これから学生運動でも始まるのかもしれないとさえ思わせる論議は、特に実を結ばない。お互いに「ふむ」なんて言って曖昧に終わる。議題はなんだっていいのだろうが、結論さえ必要としない。知識をひけらかすことが目的なんじゃあるまいか。
「………分が悪いな。理系は俺一人じゃないか」
茅島と雅彦の一騎打ちの様相を呈してきた議論は、雅彦の苦笑で幕を閉じた。茅島の意見に雅彦以外の皆がなんとなく納得してしまったのだ。煙にまくような言葉なのに、なんとなく理解できて、力技で納得させられてしまう。茅島の雰囲気には、そういうものがある。
「俺の勝ちだな、雅彦」
この男のことを、雅彦は全く理解ができない。けれど、この男は雅彦のことを結構気に入っているらしい。
**
芸術というのはよく分からない。
「ここにスケッチするものはあるのか?」
空いた時間に部室に寄ると、二人きりで話すことがない男と鉢合わせた。
茅島新。

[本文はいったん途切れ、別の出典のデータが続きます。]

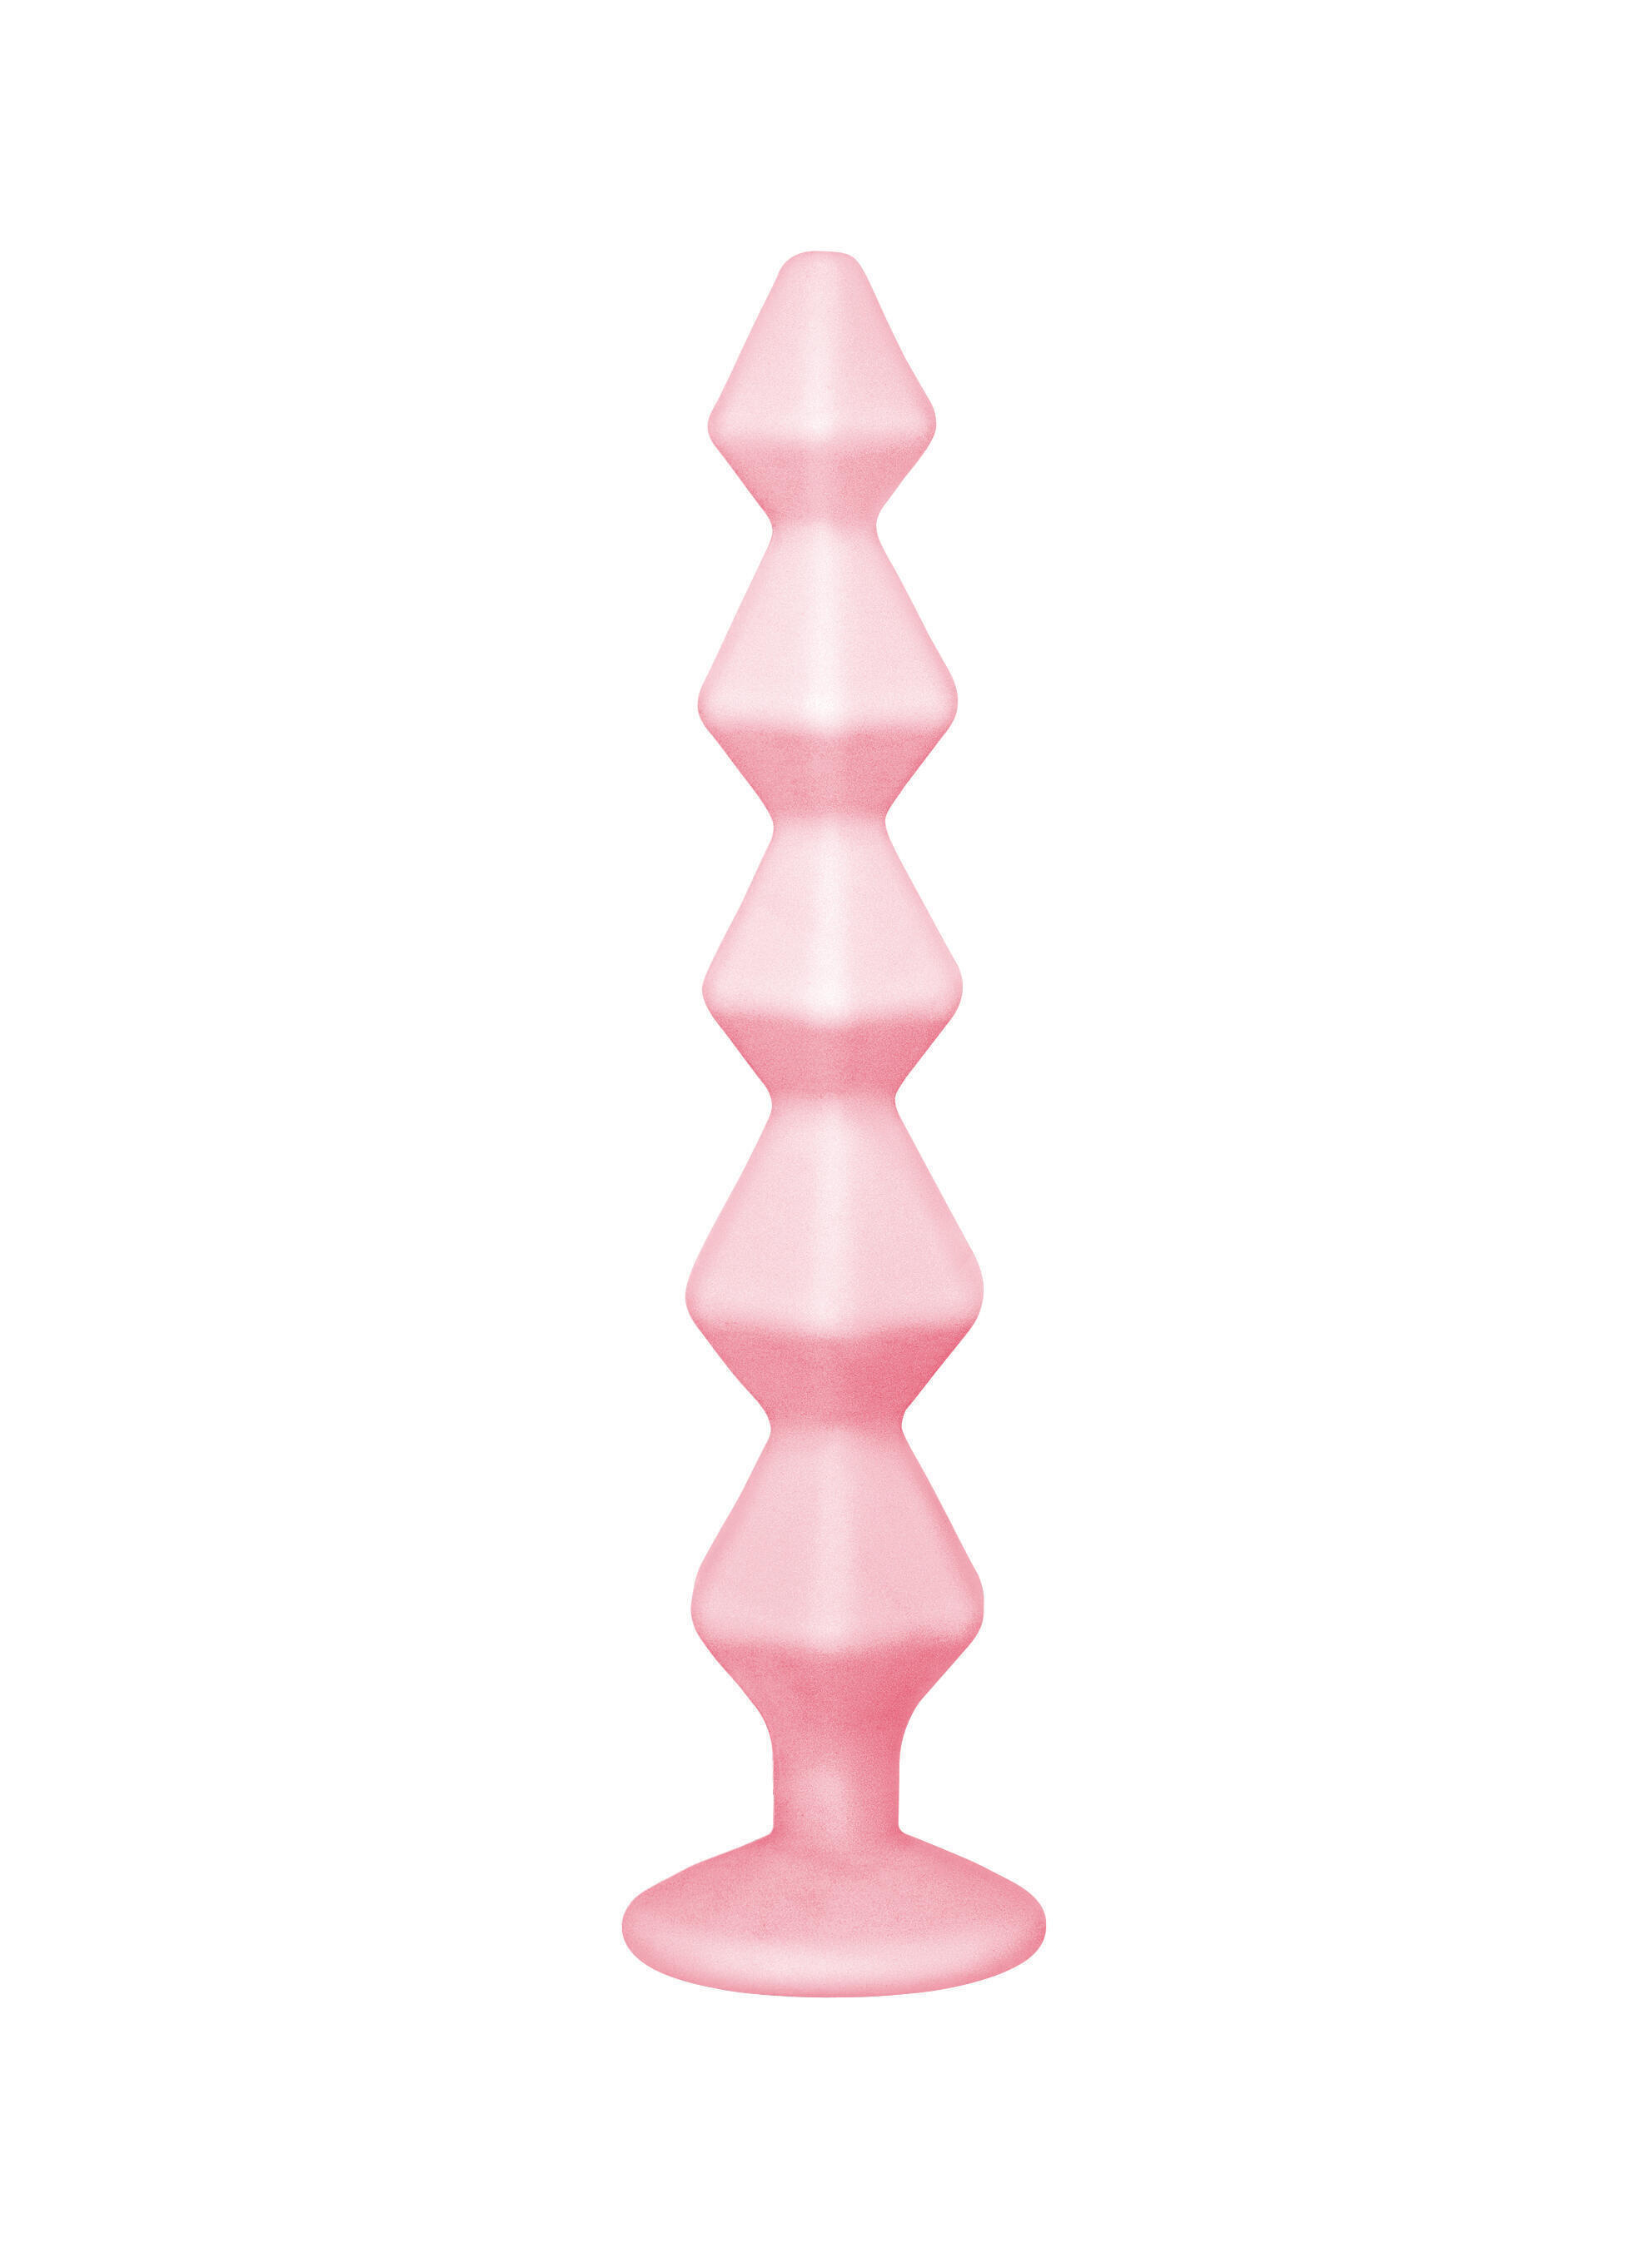 Анальная цепочка с кристаллом Lola Games Emotions Buddy, розовая с бесцветным кристаллом

絵画科の有望株。油性の絵具の付いたツナギをだらしなく着こんで、さらさらと鉛筆をクロッキーに滑らせていた。百人いたら百人が整っていると言う顔を、薄笑いに染めて、茅島は雅彦を見た。
「来たじゃないか、お前が」
「………この、誰もいない部室で今まで何描いてたんだってことなんだが」
雅彦は幼いころから優秀と言われることが多く、同じ学部の中では冗談交じりに「エリート」と呼ばれている。外見的にも眼鏡に老け顔、良いものを長く着るという考えのもと選ばれたブランドものの服、すっと伸びた背筋と、学生の甘さが感じられず、教授と間違われることもままあった。

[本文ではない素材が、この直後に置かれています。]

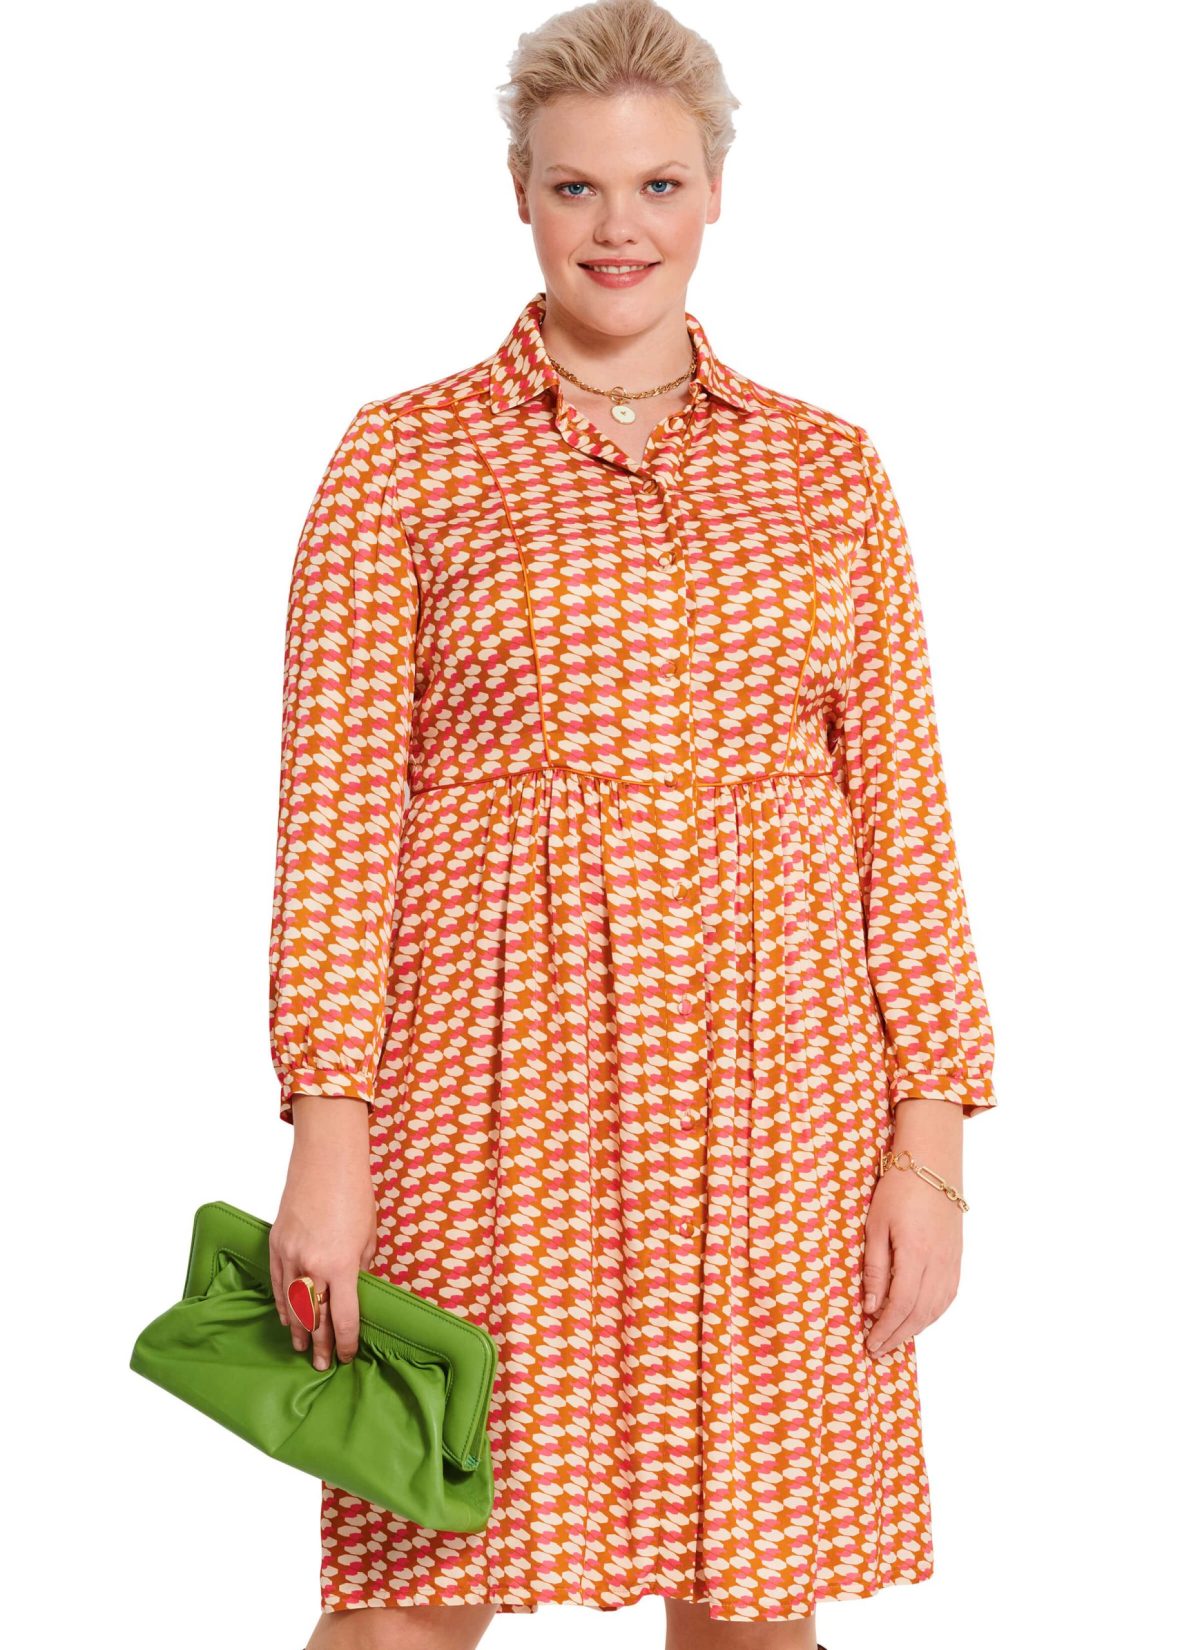 Burda Style Pattern B5882 Misses' Dress

優秀であるところの雅彦は、この茅島という男が理解不能である。文化系である他のメンバーは、文章や音楽の感覚で「ああ、なるほど」なんて頷けるようだが、一足す一が二である世界でしか生きてこなかった雅彦にはそぐわない。数学の問題を感情で表わせと言われているような、無茶な話をされているように感じてしまう。

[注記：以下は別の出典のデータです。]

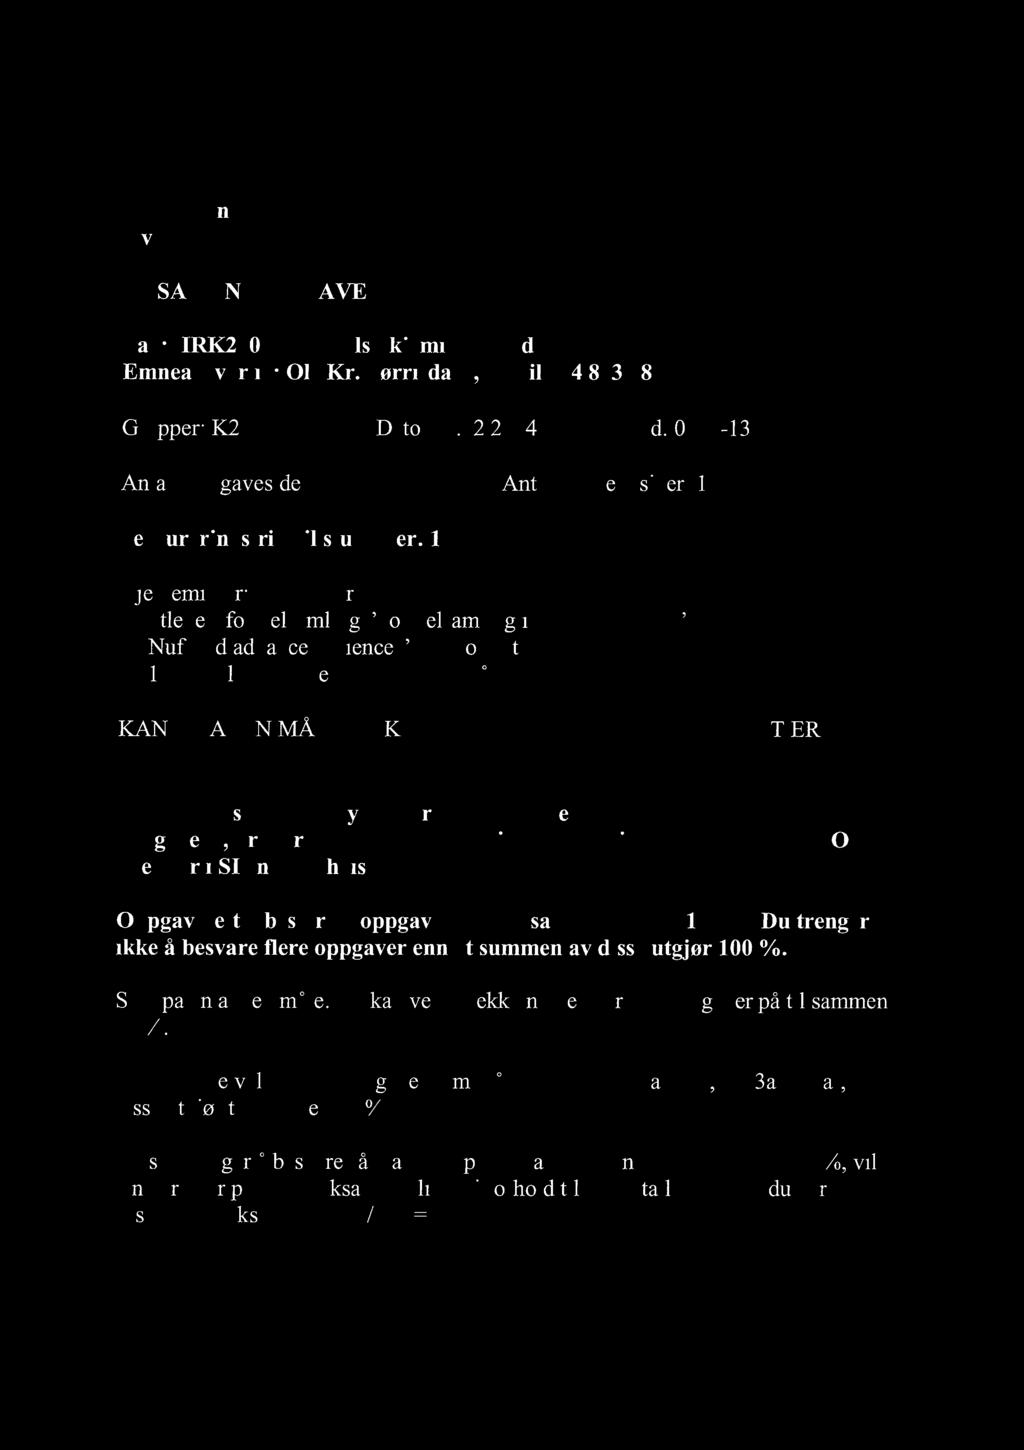 01.15 Hjelpemidler: Kalkulator, utlevert formelsamling "Formelsamling i fysikalsk kjemi", Nuffleld advanced science "Book of data".

「スケッチっていうのは、そこにある必要はないんだよ。頭の中にある描きたいもの、描かざるを得ないものを吐き出すために存在するんだ。ウンコと同じだ」
「うそだろ。そんなにさらさら描いといて、目の前にないものだと」
「俺にしてみりゃ、お前が数学の難問を見ただけでさらっさら解く方が意味不明だけどなァ……それとおんなじだよ、さらさら描くまでお前は絵の練習なんかしたことないし、俺も数学の勉強なんかしたことない。いやー、よく大学入れたもんだね」
「そんなものか」
「そうそう」
努力すれば大抵のことは評価された。芸術科目も、器用にはこなしてきたと思う。高校までの音楽は歌が下手でなくてリコーダーの扱いが苦手でない程度で良い。絵の方も、部活でもなければ芸術的センスまでは求められず、見たものをそのまま描けば事足りる。遠近法は得意だったし、陰影を付けろと言われれば従うくらいで良い。ただ、上手い下手が理解ができない。リコーダーの音を外す、だとか静物画なのに抽象画のようになってしまう、だとか分かりやすいものはともかく、ゴッホのひまわりも、小学校で一番絵が上手だったクラスメイトも同じに見えるのだ。だから、上手くなろうなんて思ったこともなかったし、練習すればさらさら描けるようになるというのもいまいち納得がいかない。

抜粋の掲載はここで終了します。